Abstract
Multiple myeloma (MM) is an age-dependent neoplasm characterized by clonal expansion of malignant antibody-producing bone marrow plasma cells derived from post-germinal-center B cells. Despite recent improvements in treatment strategies, myeloma remains a difficult-to-cure disease with a 5-year survival rate of ~62%, frequent disease relapse, and acquisition of resistance to standard-of-care drugs. While the proteasome or the immune system are validated targets of myeloma therapy, our laboratory is interested in the development of drug candidates against new molecular targets using a combination of translational bioinformatics and molecular pharmacogenomics in preclinical models of (relapsed/refractory) RR MM. For this purpose, we have designed a novel optimization-regularization-based computational prediction algorithm called “secDrug” to identify therapeutic targets for the management of treatment-resistant cancers. When applied to B-cell malignancies, the secDrug algorithm predicted the pro-survival proteins XIAP, cIAP2, and MCL1 as the top drug targets.

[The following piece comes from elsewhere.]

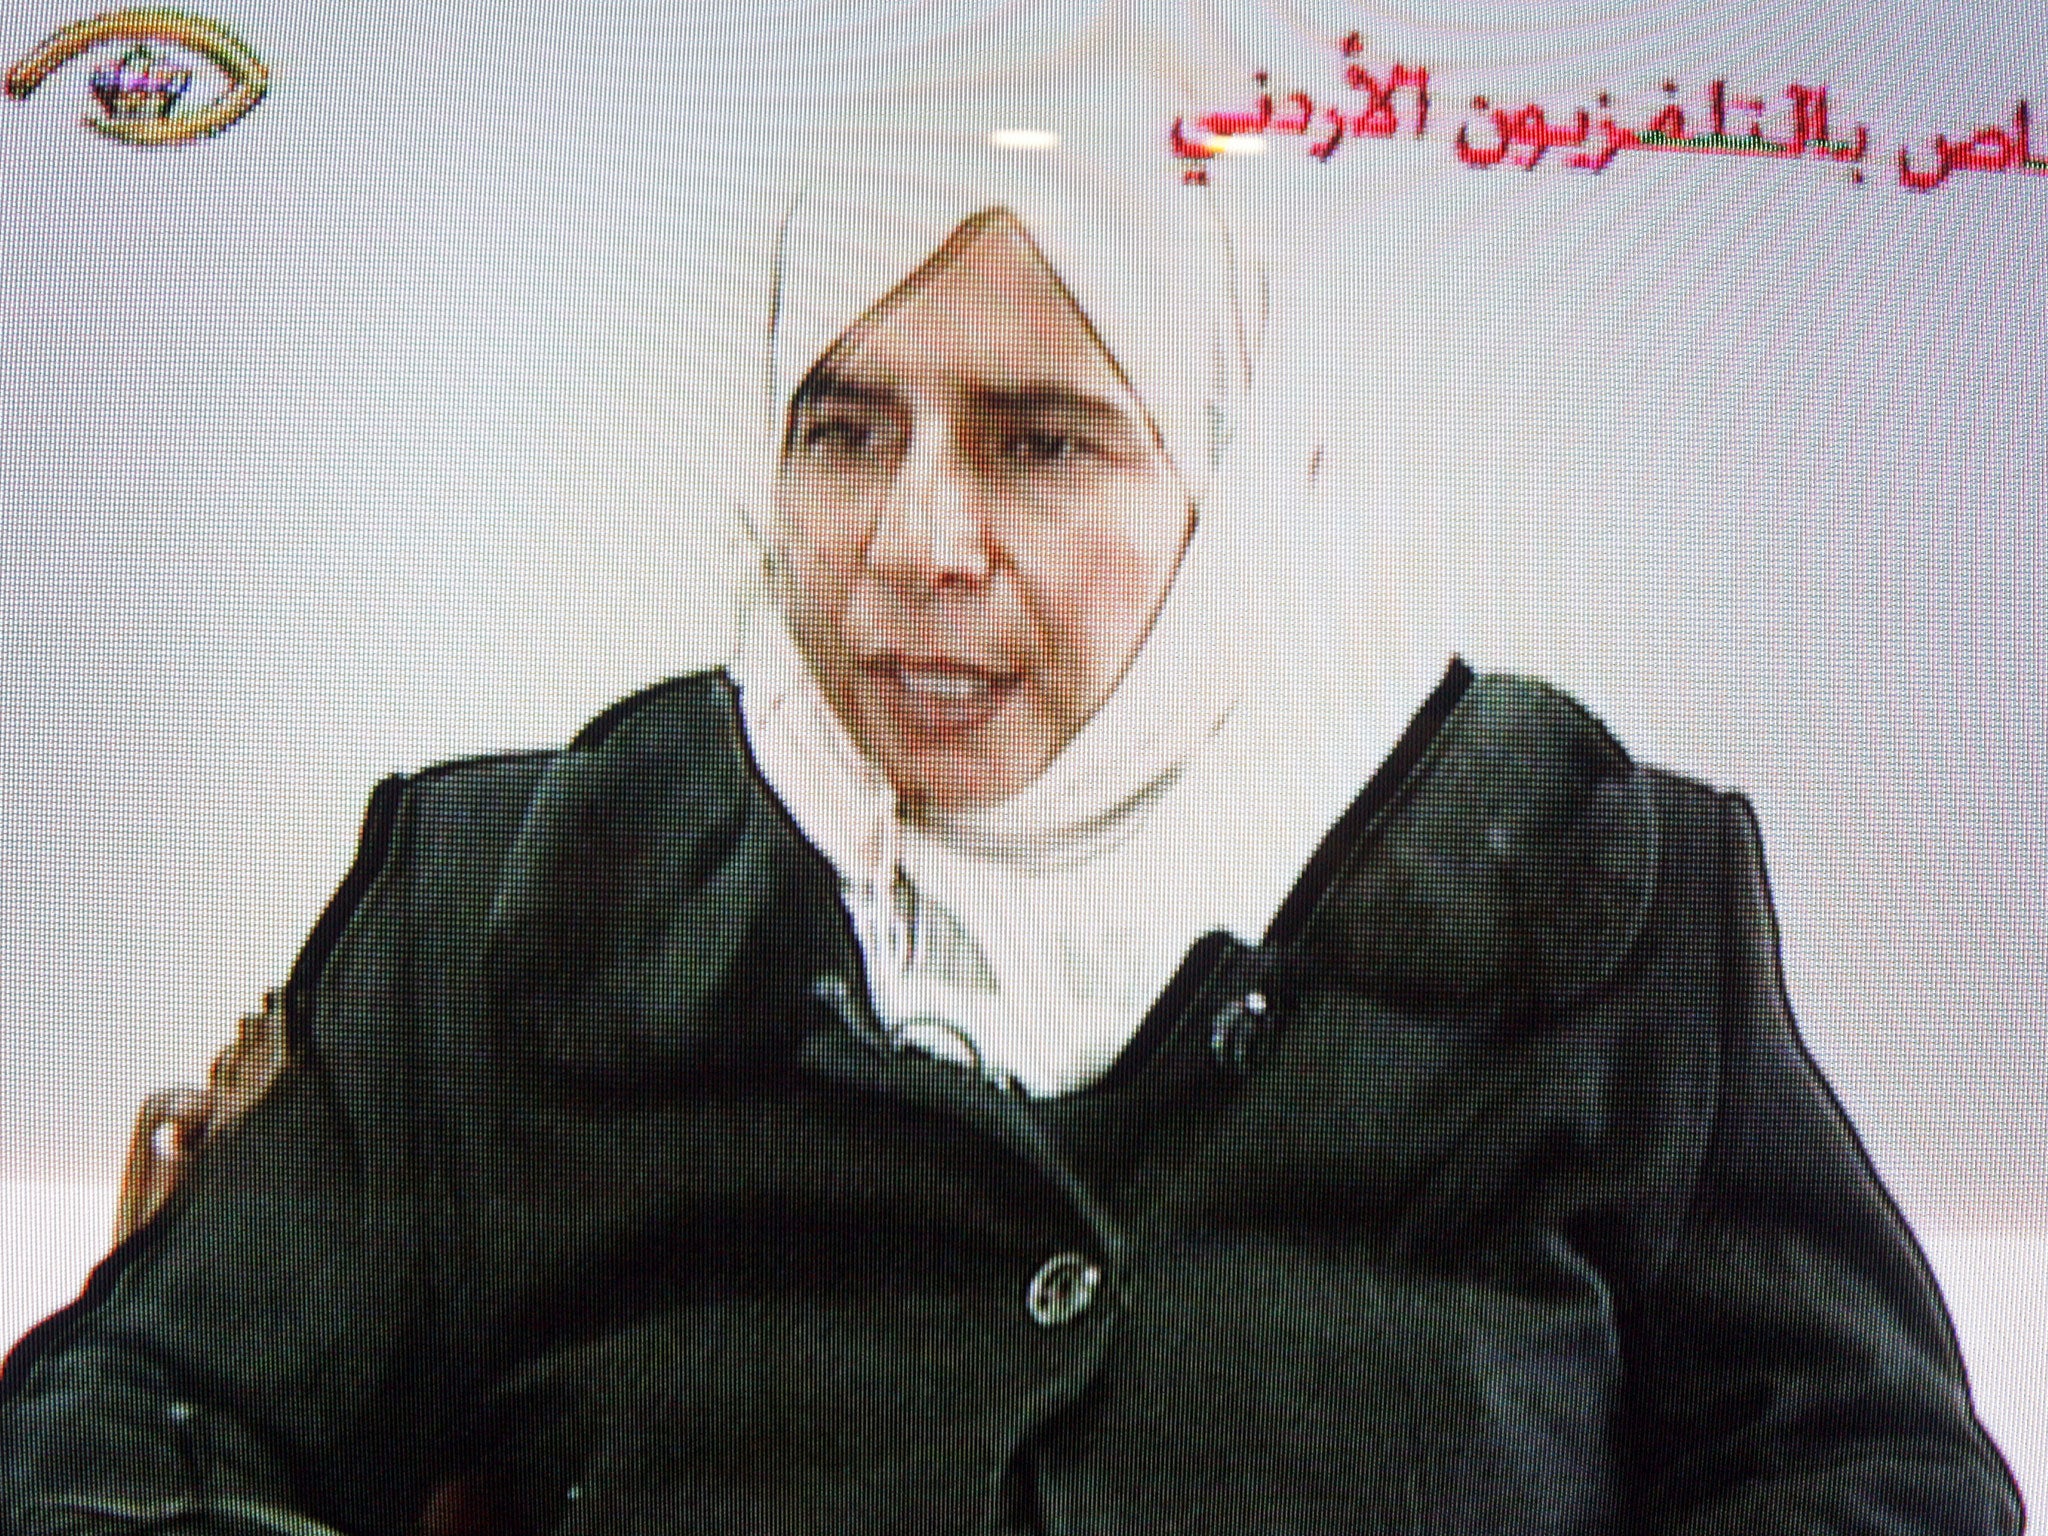 Sajida al-Rishawi on Jordanian television in 2005

The DEAD-box RNA helicase protein 5 (DDX5 gene, formerly p68) has been shown to play key roles in the transcriptional regulation of several secDrug-predicted targets in myeloma, including MCL1, XIAP, and cIAP2, as well as c-MYC and mutant-KRAS. DDX5 is a commonly expressed oncoprotein in myeloma (~75% of patients) and is found to be overexpressed in 67-74% of malignant plasma cells compared to normal plasma cells. Furthermore, DDX5 depletion has been shown to induce apoptosis via the selective inhibition of p52 and RNA polymerase II recruitment to p21.

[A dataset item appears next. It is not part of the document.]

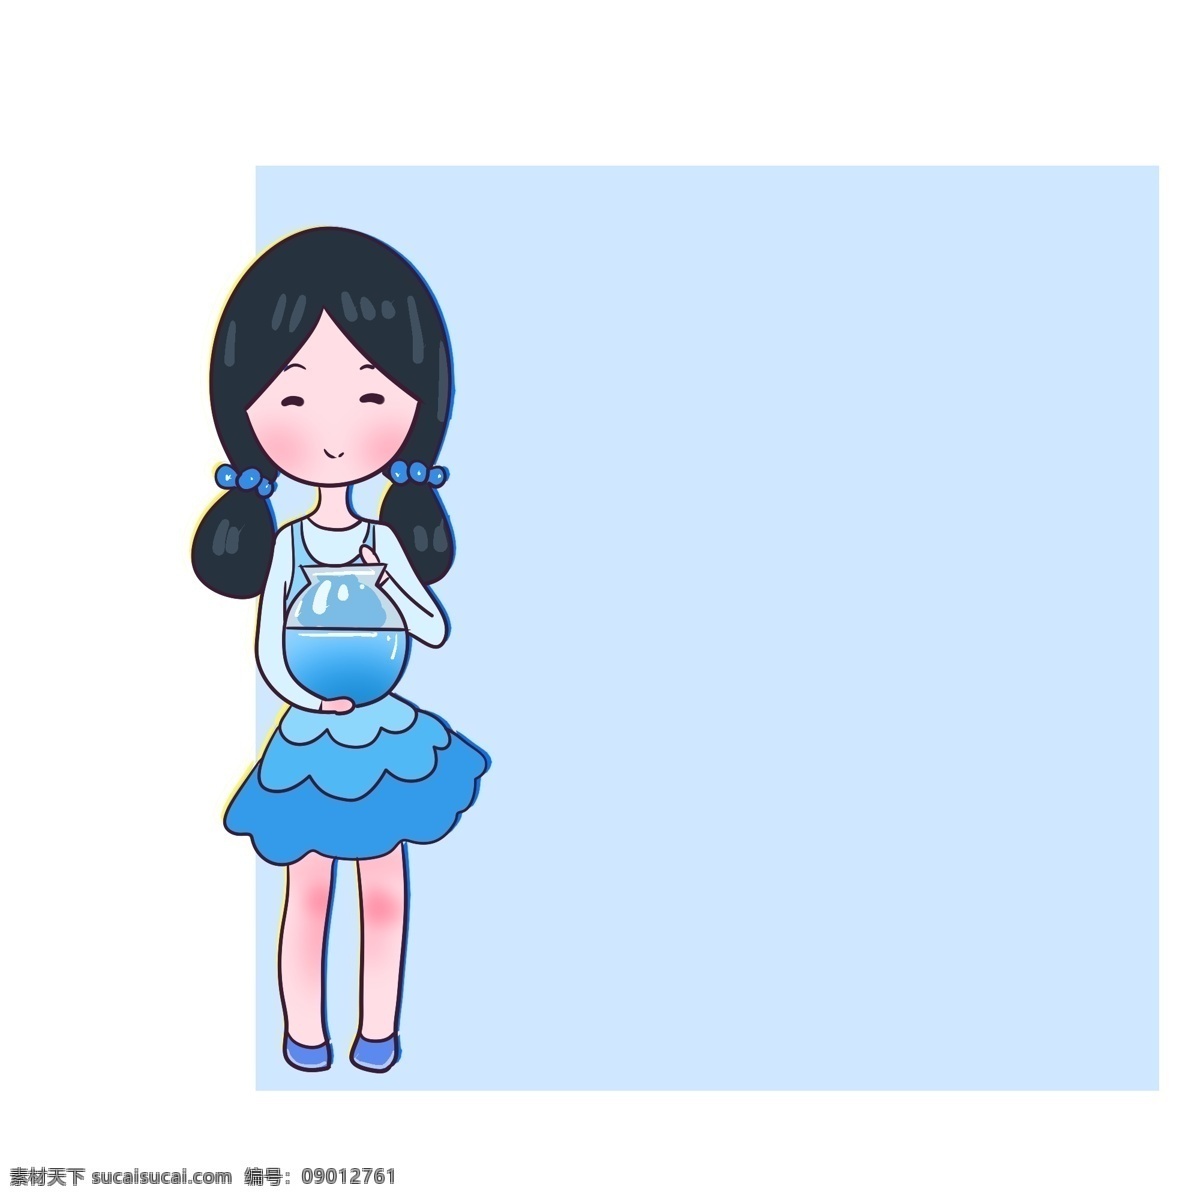 抱 鱼缸 女孩 蓝色 边框 蓝色方形边框 小女生边框 卡通小人 抱鱼缸女孩 穿蓝衣服女孩 可爱卡通女孩

Our group has developed FL118, a novel camptothecin analog, that acts as a molecular degrader that selectively inhibits DDX5. We have designed, synthesized, and validated a series of novel analogs of FL118, including FL77-9, FL77-24, and the fluoroaryl-substituted FL118 derivative 7h (FL77-32), which have shown significant in vitro cytotoxicity and in vivo anti-tumor efficacy in solid tumors and mantle cell lymphoma, with a favorable preclinical toxicity profile in murine models. 7h contains a C-F bond, which can withstand metabolic processes, protecting susceptible sites from oxidative metabolism. Furthermore, incorporation of fluorine atoms enhances fat solubility (LogP=3.81 for FL77-32, compared to LogP=2.83 for FL118), cellular plasma membrane permeability (total polar surface area or tPSA<140 Å2), and target specificity.
We performed in vitro cytotoxicity studies with FL118 and its derivatives (FL77-9, FL77-24, and FL77-32) using a panel of human myeloma cell lines (n>50) representing innate and acquired response/resistance to established drugs, we found that FL118 and its derivatives (FL77-9, FL77-24, and FL77-32) are highly potent in multiple myeloma, with the best potency displayed by FL77-32. Single-agent half-maximal inhibitory concentration (IC50) values were consistently in the sub-nanomolar range (as low as 0.41 nM) and showed high efficacy in combination with proteasome inhibitors/PI (e.g., Bortezomib) and Immunomodulatory drugs/IMiDs (e.g., lenalidomide). We then validated target inhibition, induction of apoptotic markers, including DDX5 and its downstream targets MCL1 and survivin, as well as the downregulation of myeloma drivers like MYC and NFkB, using bulk and single-cell whole-transcriptomics, gene knockdown studies, immunoblotting, and functional genomics. Finally, ex vivo analysis in CD138+ primary bone marrow samples obtained from patients confirmed the dose-dependent depletion of myeloma cells following treatment with FL118 derivatives. Currently, we are evaluating the in vivo anti-tumor efficacy of FL77-32 alone or in combination with Bortezomib in transgenic mouse models of myeloma, including chemo-resistant cells in NSG mouse models.
Our results demonstrate the potential of adding novel DDX5 inhibitors to the armamentarium of clinical trial-ready drug candidates for treating RRMM.